Python library for Reinforcement Learning.

Geek Repo:Geek Repo

Github PK Tool:Github PK Tool

Potential simple regressor for car on the hill FQI example

kishanpb opened this issue · comments

Currently the car on the hill FQI example works with the ExtraTreesRegressor. Is it possible for it to work with much simpler regressors, say GaussianProcessRegressor?

I tried using the sklearn.gaussian_process.GaussianProcessRegressor with kernel 1.0 * RBF(1.0), but the approximator gets stuck in the first optimization update! I'll be grateful for any possible tricks to make it work.

There is nothing preventing mushroom to use any sklearn approximator that expose the fit method, particularly in fqi.

Are you sure that it is stuck? maybe it is just extremely slow the fit of the gaussian process. Try with less samples...

Yeah, large sample size seems to be the issue here. Wonder how random forest is faster!

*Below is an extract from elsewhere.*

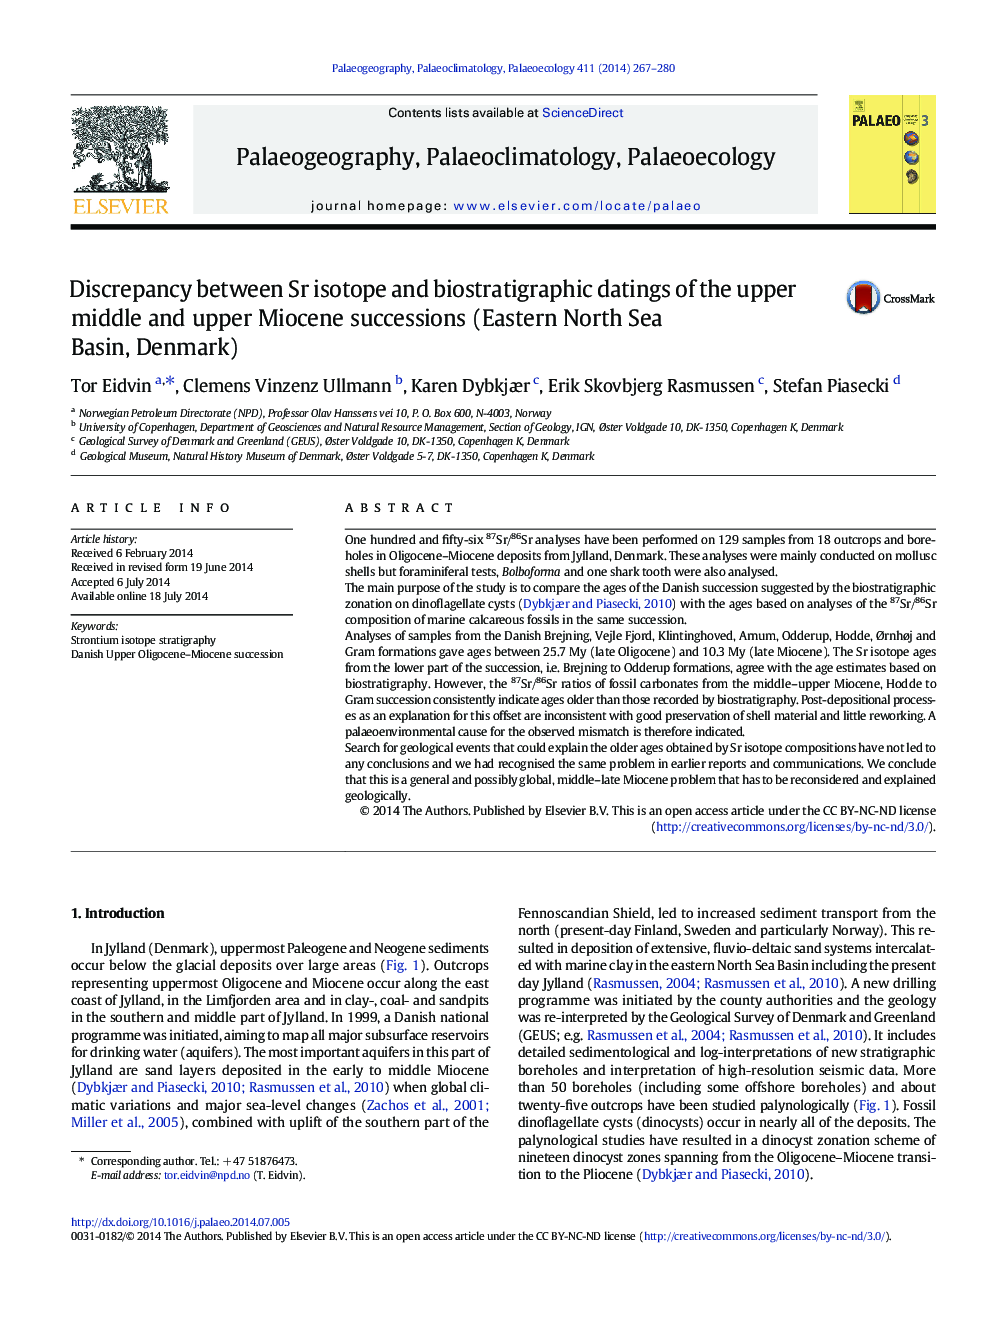 Discrepancy between Sr isotope and biostratigraphic datings of the upper middle and upper Miocene successions (Eastern North Sea Basin, Denmark)

If one wants to use LinearApproximator class in mushroomrl as the approximator, do we need to wrap it up in Regressor class and then pass it?

I'm not surprised at all that random trees are faster than GPs. It's normal, random trees are simply... trees. There's nothing more simple than that.

The LinearApproximator has to be used exactly as any other mushroom/sklearn approximation. Exactly as in the example.
However, FQI doesn't support features. This makes a simple linear approximator almost useless in this scenario.

In the future, we might want to reintroduce the features directly in the linear approximator. When we designed this approximator, I decided to separate the features, as many times is convenient to use them outside the approximator, but now I partially regret my decision.

If you still want to implement a linear approximator with RBF for FQI, you might want to create an approximator that before applying the linear combination, computes the features...

However, remember that FQI is designed specifically to use tree approximations, due to its algorithmic structure. If you want to use linear approximations, you should try LSPI.